> _EXERCISE BRIEF_:
Give back the whole listing exactly as written, leaving out each picture.

[[ DATASET SECTION, beginning ]]

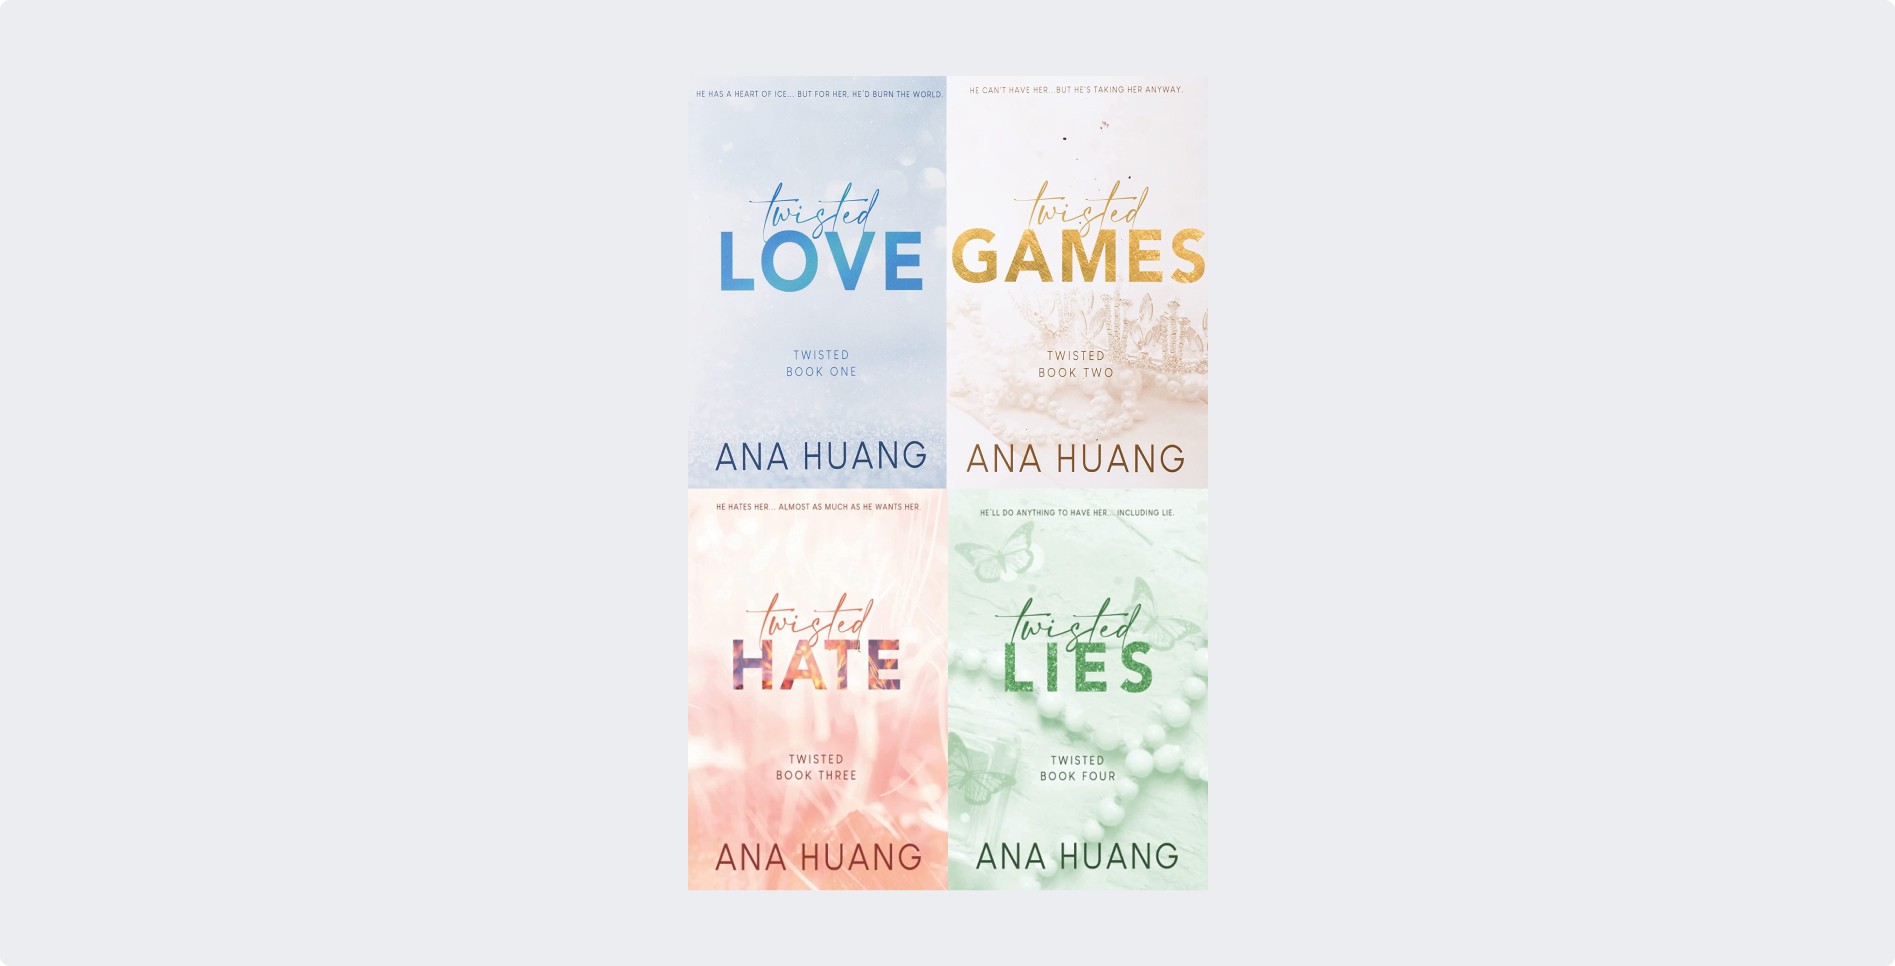 Twisted series by the infamous Ana Huang
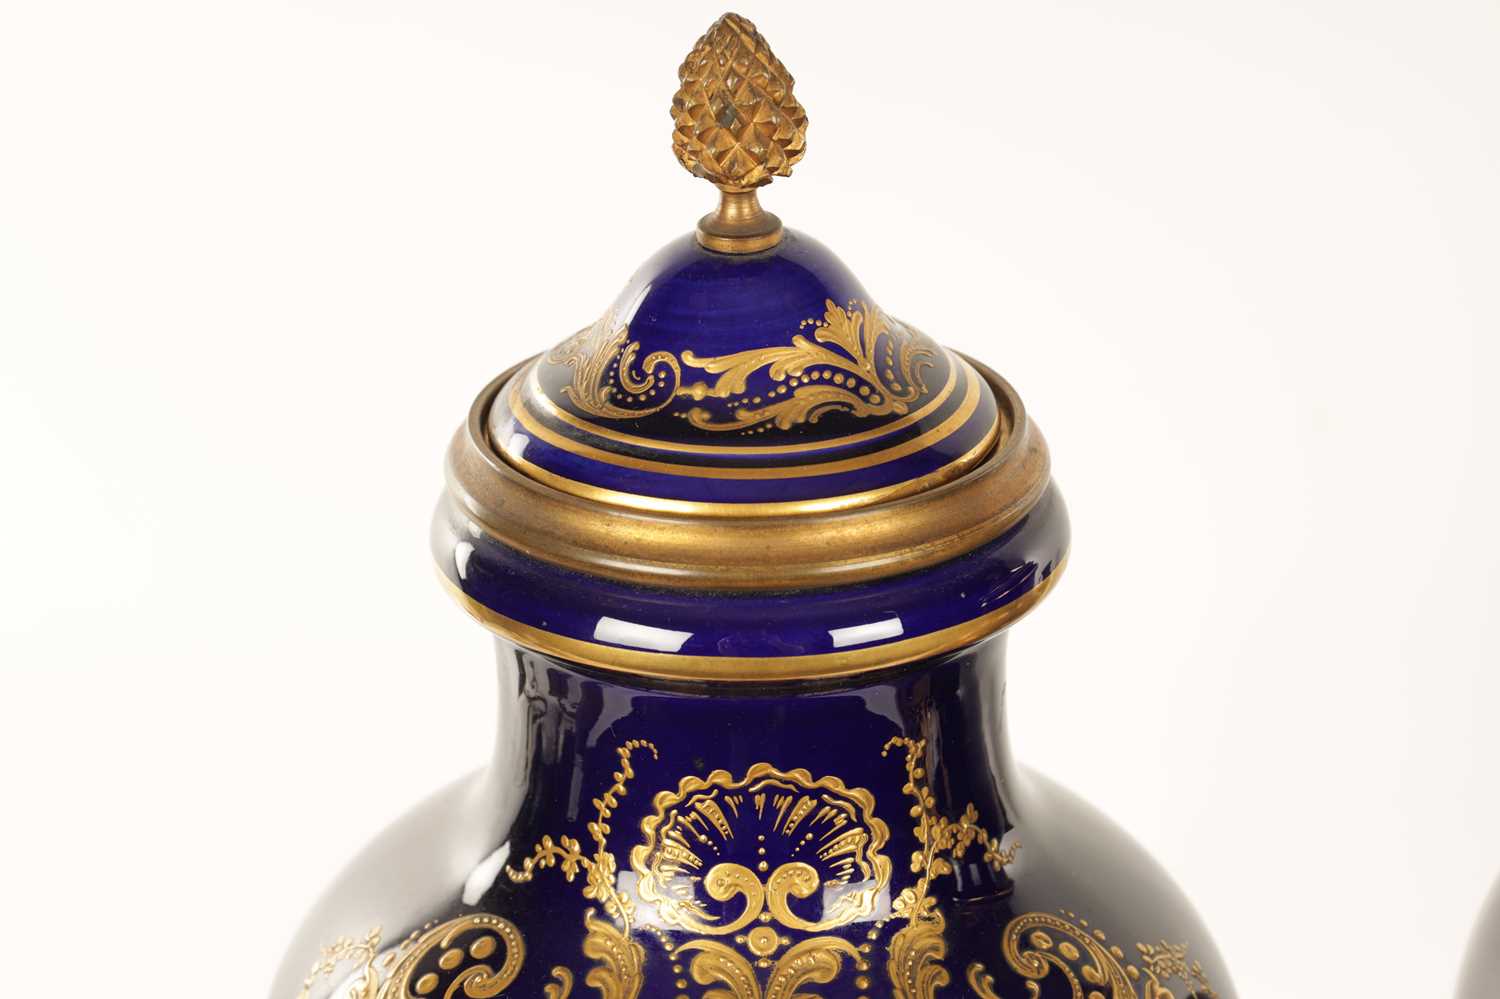 A PAIR OF LATE 19TH-CENTURY SERVES STYLE PORCELAIN LARGE CABINET VASES - Image 5 of 20
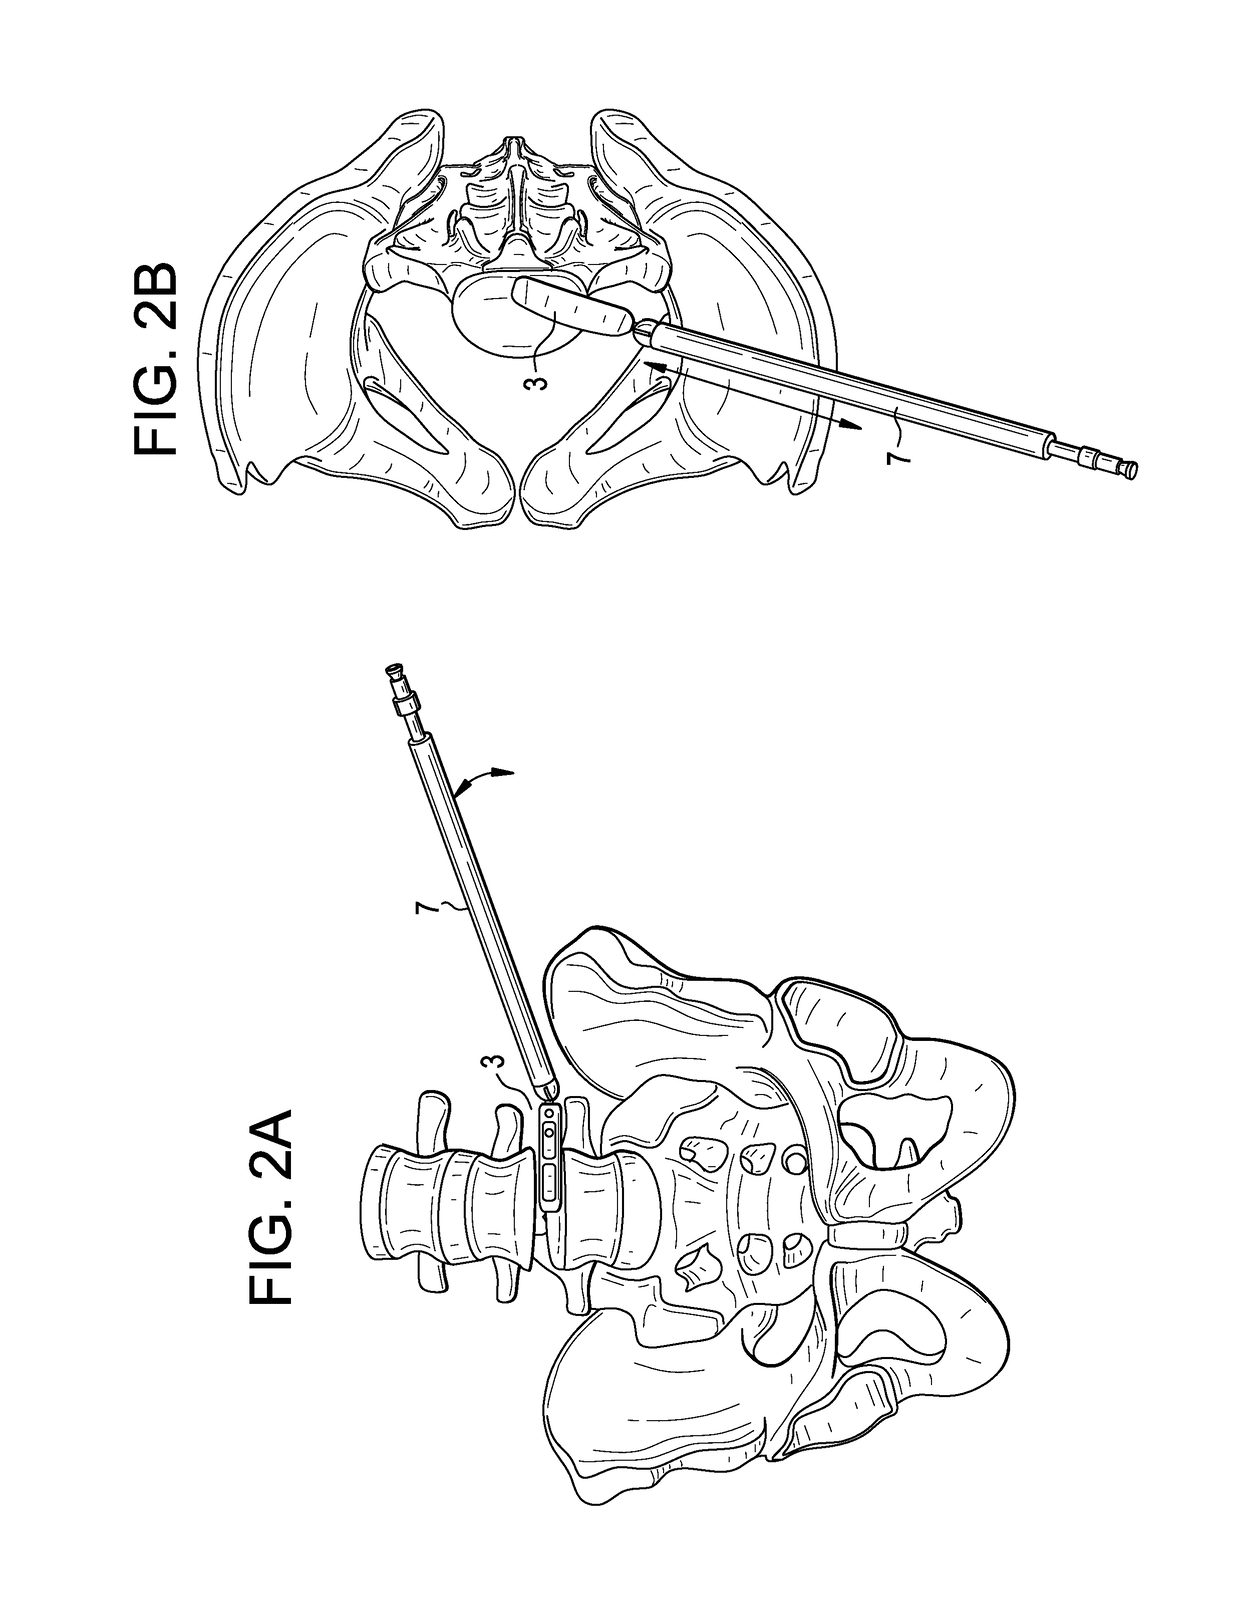 Polyaxial articulating instrument
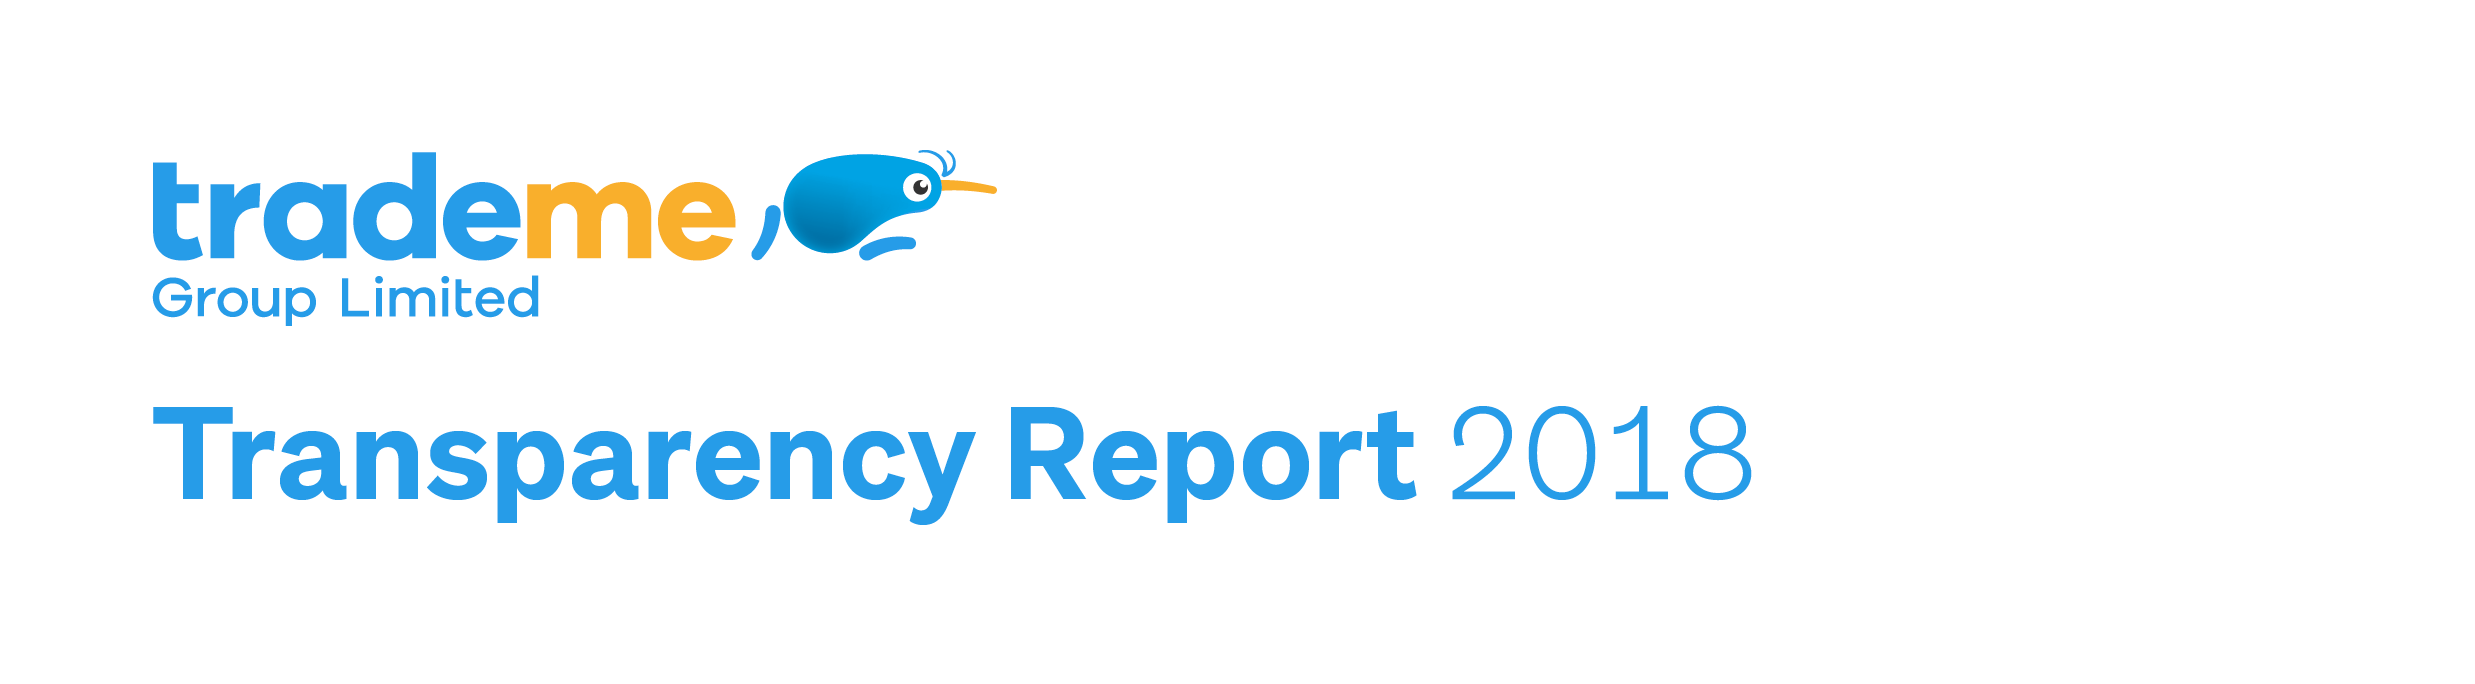 Trade Me Transparency Report 2018

[[ DATASET SECTION, end ]]

> _SOLUTION_:
 Twisted series by the infamous Ana Huang
 A PAIR OF LATE 19TH-CENTURY SERVES STYLE PORCELAIN LARGE CABINET VASES - Image 5 of 20
 Polyaxial articulating instrument
 Trade Me Transparency Report 2018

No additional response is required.